Riding to the ferry, they were pleased to see that the boat was clearly visible, and bellowing and waving, they succeeded in gaining the ferryman’s attention. It felt like an age, but at last the vessel landed on the shore and the men could begin to board her. Sir Ralph insisted that the friars and Roisea should take the first sailing, and Baldwin was equally insistent that Jack should be safe.
Jack kept looking at Baldwin with a strangely earnest expression, rather like a lady’s lapdog begging for a treat or to be allowed outside. He was obviously shocked by the suddenness of the fight, the swift deaths of so many men. But Baldwin had no time for the lad’s fears, especially since he was nervous that the party’s disappearance must surely lead to an investigation before too long. He did not want to be caught between the River Severn and the whole of Queen Isabella’s host.
It was a glorious relief to see the boat sail away, and then a blessed age before it completed its cruise to the opposite bank. Baldwin paced fretfully up and down the shoreline all the while, chewing at his inner lip, casting an equal number of glances towards the ship and back towards the woods where the men lay dead.
‘The boat is coming back,’ Bernard stated laconically. Alexander was whittling at a stick with his short dagger, while Sir Ralph sat on his horse saying nothing. The three appeared perfectly easy in their minds, even with their friend and companion tied on the horse a short distance away.
The ship made its slow progress over the water towards them, and after what felt like half a day, ground its way up the shore. Sir Ralph and his men were first aboard, while Baldwin waited, and then he took the reins of the horses with the dead men on their back. As he did so, there was a cry from the ship.

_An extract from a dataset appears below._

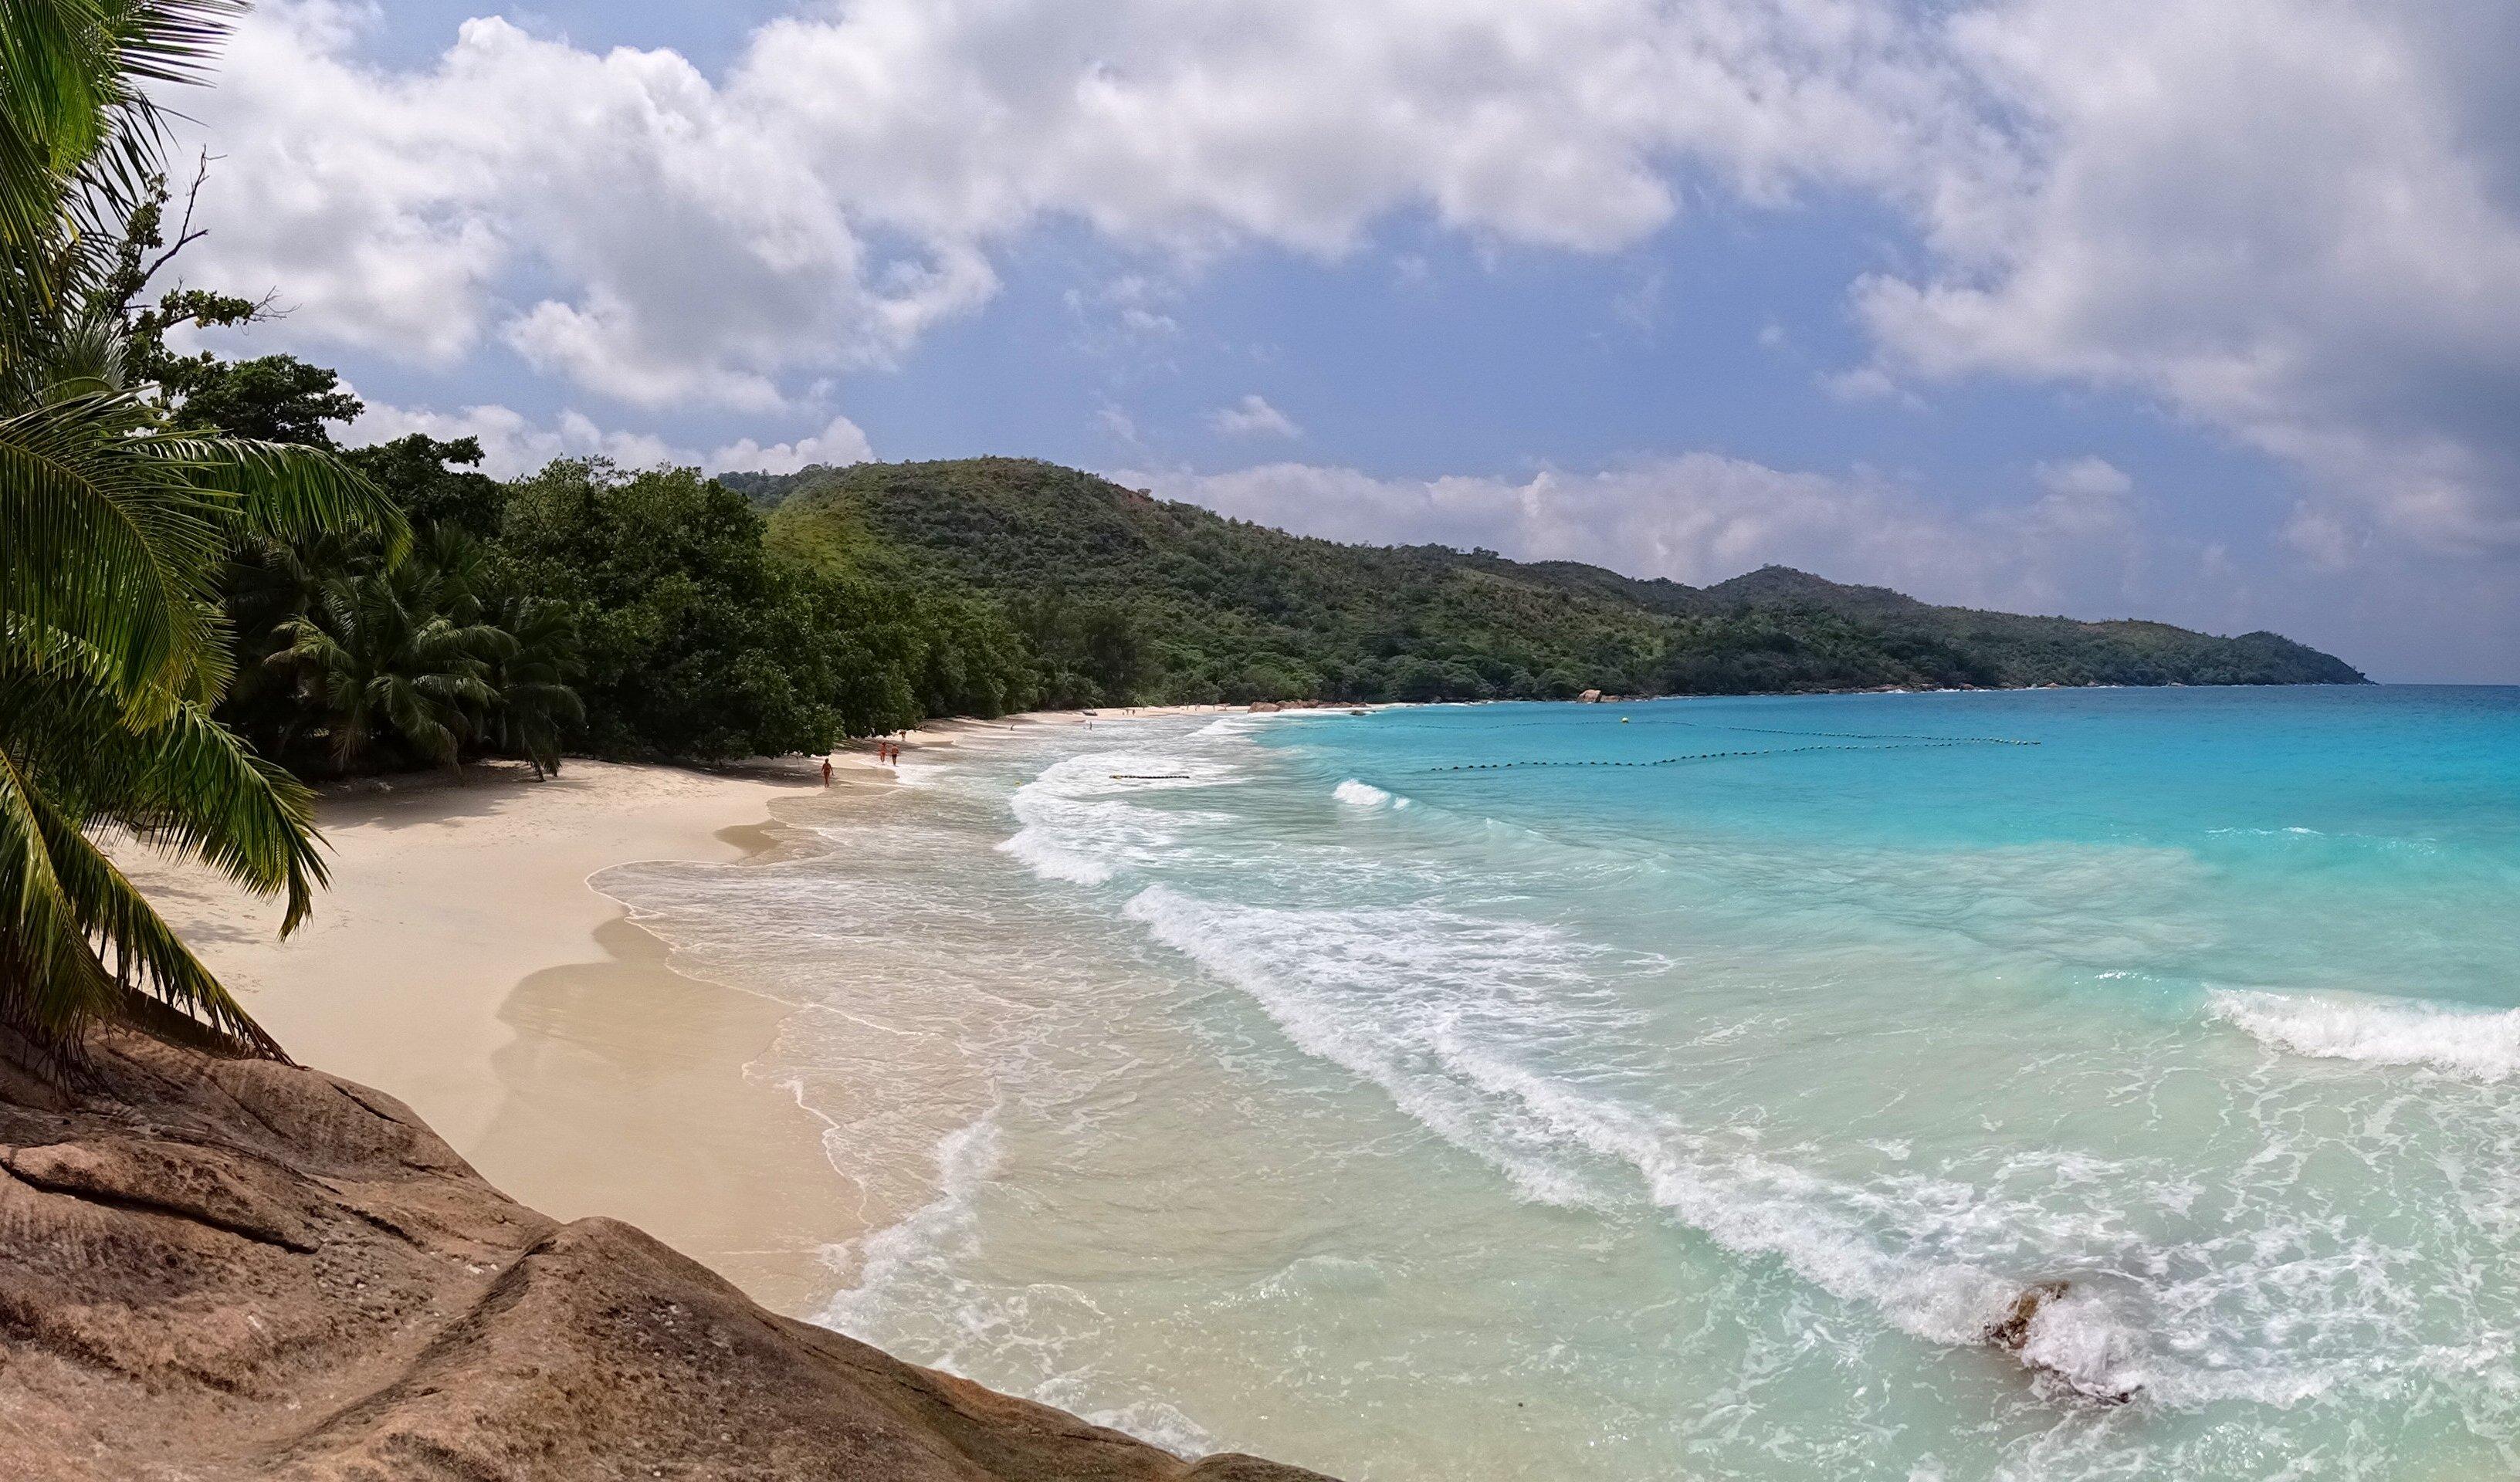 Anse Lazio Seychelles Most Stunning Beach Gets Ready

‘Get on board quickly! They’re coming!’
Baldwin snapped his head around and saw a small contingent of horse, perhaps a vingtaine, milling about at their camp. Then the enemy saw the ship’s sails, and there was a flurry of orders and activity as they remounted, ready to pursue Sir Baldwin’s group.

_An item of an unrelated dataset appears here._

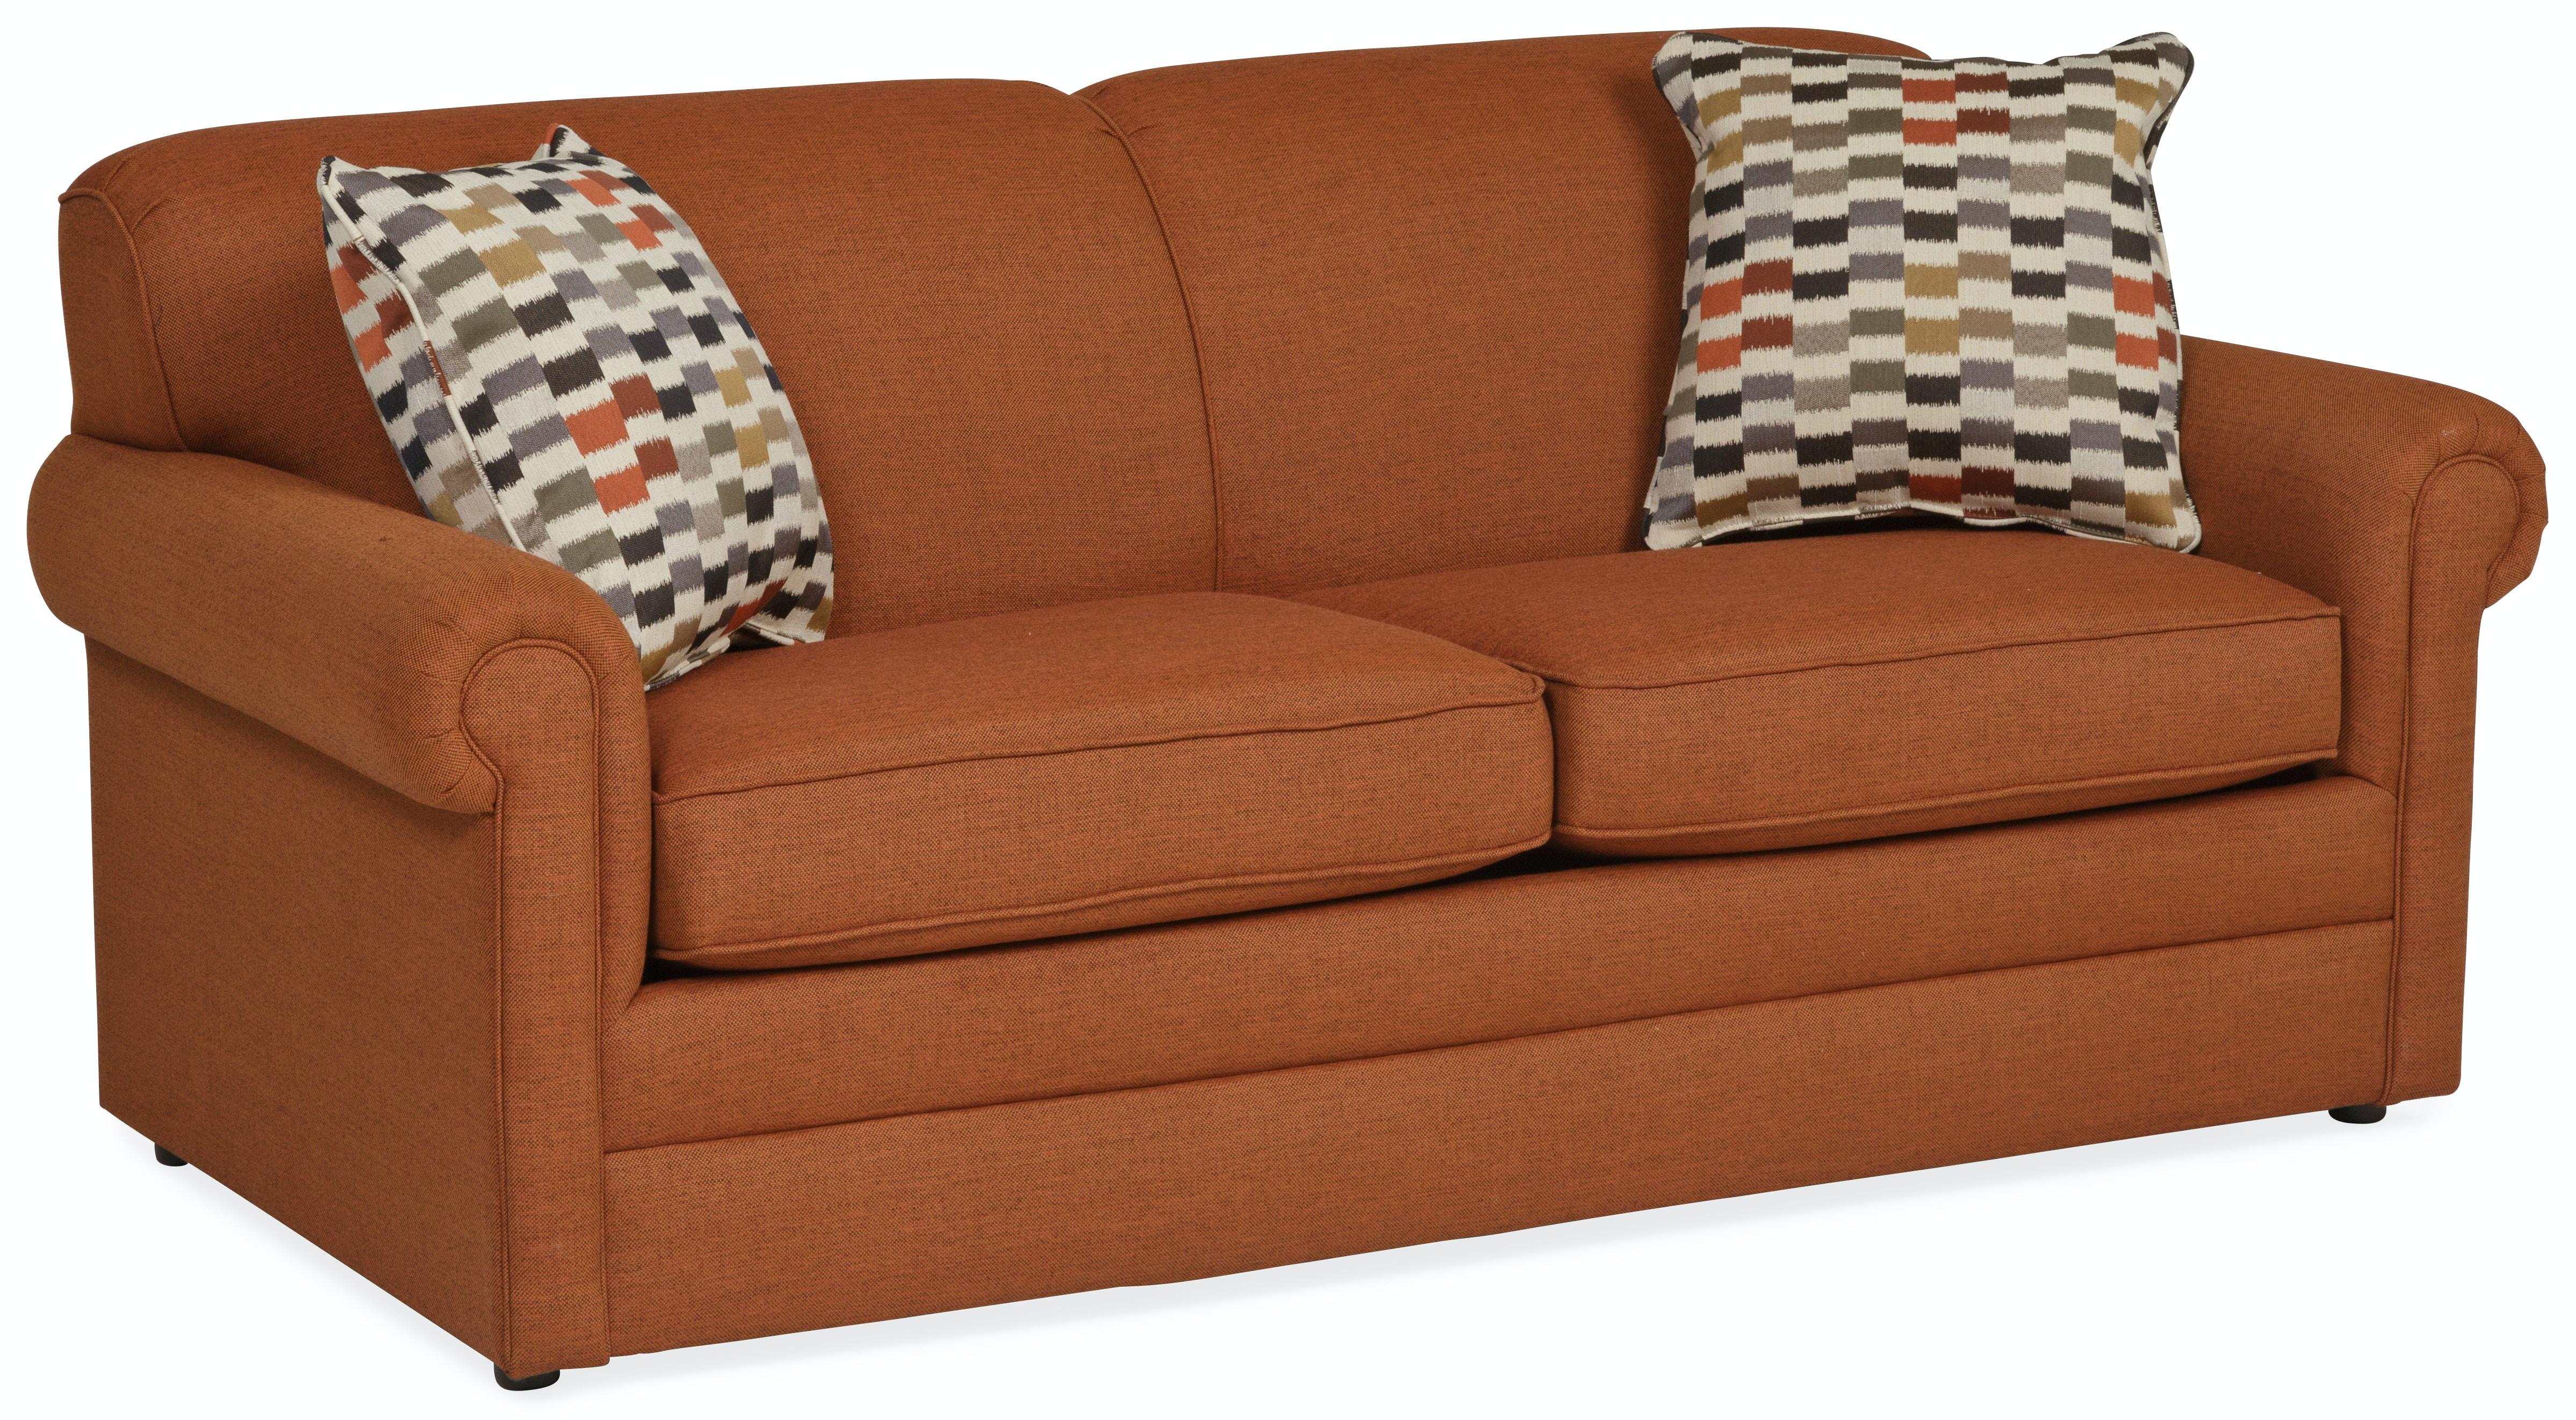 Kerry Full Air Mattress Sleeper Sofa   COPPER ST:507358

There was little time. Baldwin took his own horse on first, and waited until the beast was aboard and held firmly before returning to the horses carrying the dead men. He had the reins in his hand, but some of his anxiety must have been communicated to Wolf, as the brute gave a bark, and set up such a row, that the two horses became nervous, and one began plunging wildly. There was a crack, and the lines holding Thomas snapped, the body tumbling to the ground, and then the horse was off, leaving Baldwin with a rope burn on the palm of his hand. Alarmed by the plunging of the other, Pagan’s horse too began to rear. There was no time to calm it. Cursing, Baldwin released the beast, and it galloped off after the first.

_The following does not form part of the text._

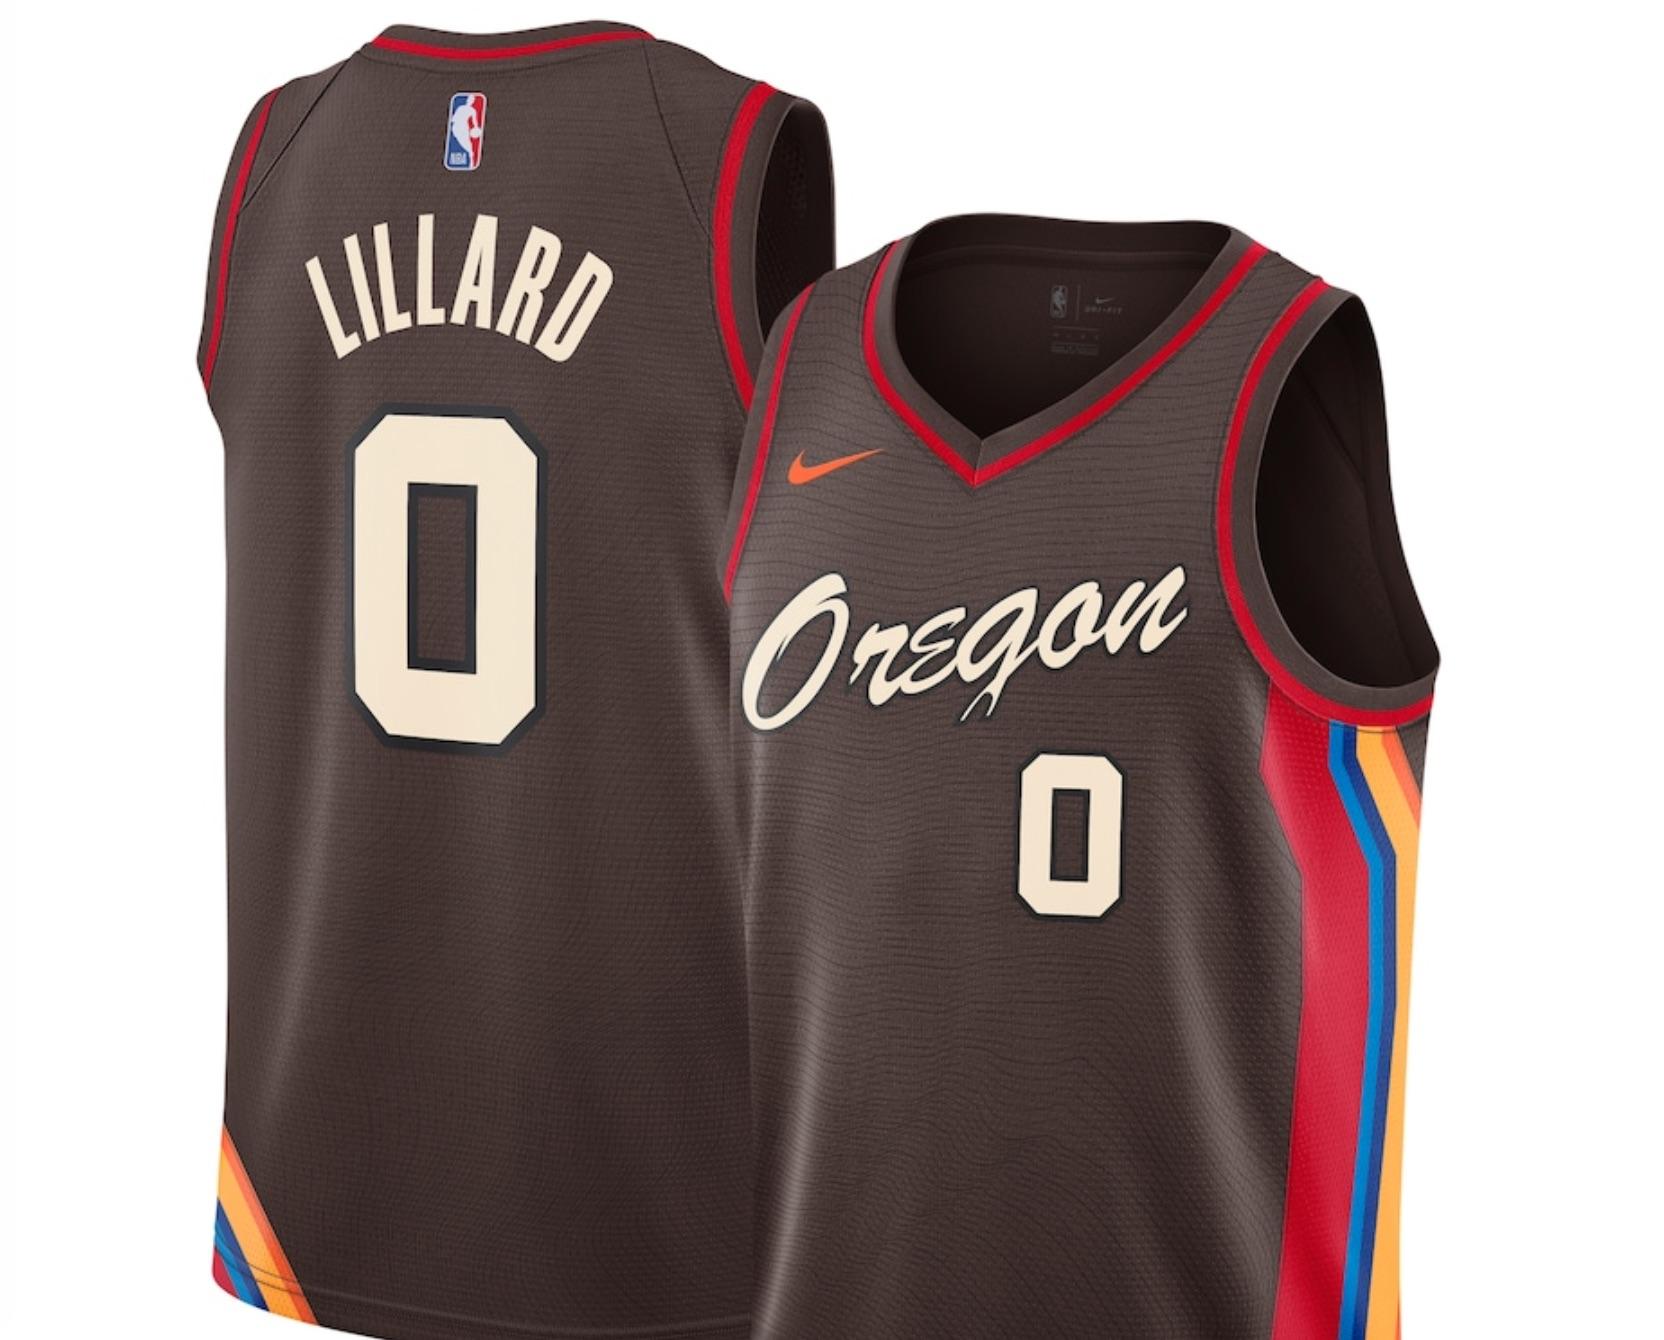 Portland Trail Blazers City Edition jerseys on sale: Where to buy ...

He was about to run to the ship, when he remembered Redcliffe’s purse. The man had been so proud of it and in any case, it was possible that there was money in it which his widow could use. Whipping out his dagger, he sliced through the laces holding the man’s purse to his belt, and then ran for the ship. It had already pushed away a little from the shore, and Baldwin tumbled into the freezing water, holding the purse aloft, but then he almost fell under from the weight of his mail on his back. He recovered, and Wolf was at his side. On a whim, he thrust the purse into Wolf’s mouth, and the solemn-faced dog took it gently, continuing paddling through the water to the ship.
Baldwin floundered on, and would have failed, had not Sir Ralph thrown him a coil of rope. Clutching it, Baldwin pulled himself up aboard, falling on his back to gasp for breath.
It was Alexander who reached down, grabbed Wolf by the scruff of the neck and tail, and hauled him bodily from the water.